Wie sah dein Einstieg bei der Detecon aus?

Am Anfang jedes Einstiegsmonates findet ein Onboarding-Tag statt. An diesem Tag erhält jeder neue Mitarbeiter Laptop und Handy sowie allgemeine Informationen zu den wichtigsten Tools der Detecon. Neben dem Personal Development Leader, wird jedem Consultant am Anfang einen Buddy mit ähnlicher Karrierestufe als Ansprechpartner zugeteilt. Mit diesem verbringt man den restlichen Onboarding-Tag und hat die Möglichkeit, weitere Kontakte zu knüpfen.

Wieso hast du dich für eine Beratungsfirma, speziell für Detecon, entschieden? 
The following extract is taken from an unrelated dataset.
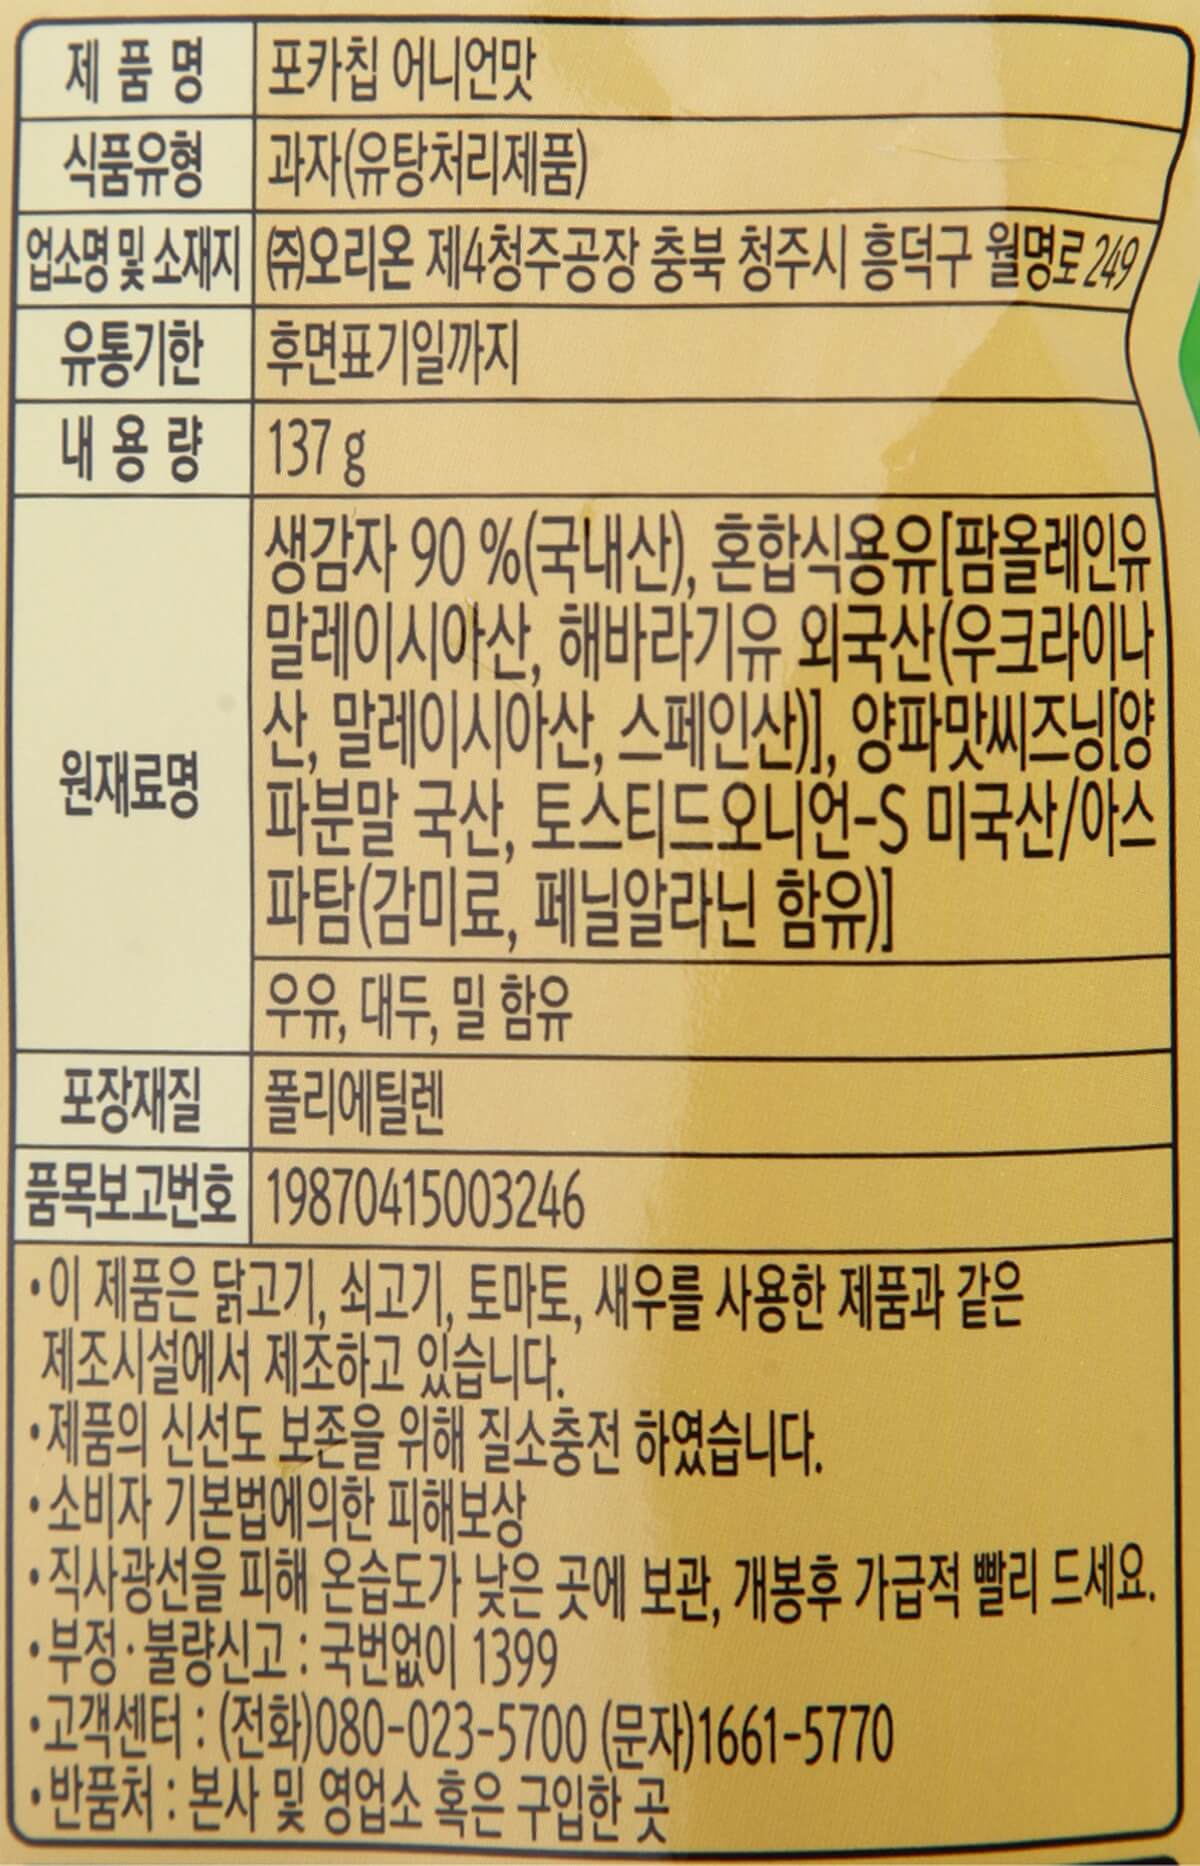 韓國食品-[오리온] 포카칩[어니언맛] 60g

Da ich gerne abwechslungsreich arbeiten möchte, bietet Detecon eine gute Option. Es ist ein eigenständiges Unternehmen, aber als eine Tochtergesellschaft der Telekom kann man alle Vorteile nutzen, die ein Großkonzern zu bieten hat. Zudem bietet Detecon die Möglichkeit, im Laufe der Karriere seine internationalen Handlungskompetenzen zu schärfen. Der hohe Reiseanteil hat mich persönlich sehr angesprochen, da ich flexibel bin und reisen möchte. Die abwechslungsreiche Projektarbeit habe ich mir besonders spannend vorgestellt. Durch die wechselnden Projekte entstehen neue Herausforderungen und Aufgaben, an denen man wächst und Erfahrungen sammelt. 
Neben der Projektarbeit zählen noch weitere Dimensionen in die persönliche Zielerreichung hinein. Hierzu zählen: die People-, Knowledge- und etwas später dazu kommend, die Client-Dimension. Dieses Modell bietet die Möglichkeit, sich über die Projekt-Dimension hinaus, weiter- und fortzubilden. Zudem kann man auf diese Weise seine Fokusthemen über das Projekt hinaus tiefer erforschen und bearbeiten. 
Darüber hinaus bietet Detecon viele unterschiedliche Trainingprogramme. So bekommt man die Möglichkeit den SCRUM-Master zu absolvieren oder lernt mit Hilfe des Consulting-Instrument-Trainings, besser im Berateralltag zurechtzukommen. 
Ein weiterer Pluspunkt, den ich allerdings erst nach Einstieg bei Detecon kennengelernt habe, ist das angenehme Arbeitsklima. Detecon orientiert sich an dem Konzept „Future Work“. Im headquarters in Köln gibt es sog. „creatives spaces“ und offene Arbeitsräume, sodass man mit den Kollegen ins Gespräch kommen kann. Ebenfalls gibt es die Möglichkeit, flexibel von zu Hause zu arbeiten, wenn es das Projekt zulässt. 

Wie geht es nun für dich weiter? 

Da ich direkt nach dem Bachelor mit dem berufsbegleitenden Masterstudium begonnen habe, steht erstmal eine erfolgreiche Beendigung des Masters in eineinhalb Jahren im Vordergrund. Als Consultant weiß man nie, wo es als Nächstes hingeht. Ein Wunsch von mir wäre es, eine Zeit lang im Ausland zu arbeiten, um andere Arbeitsweisen und Sitten kennenzulernen.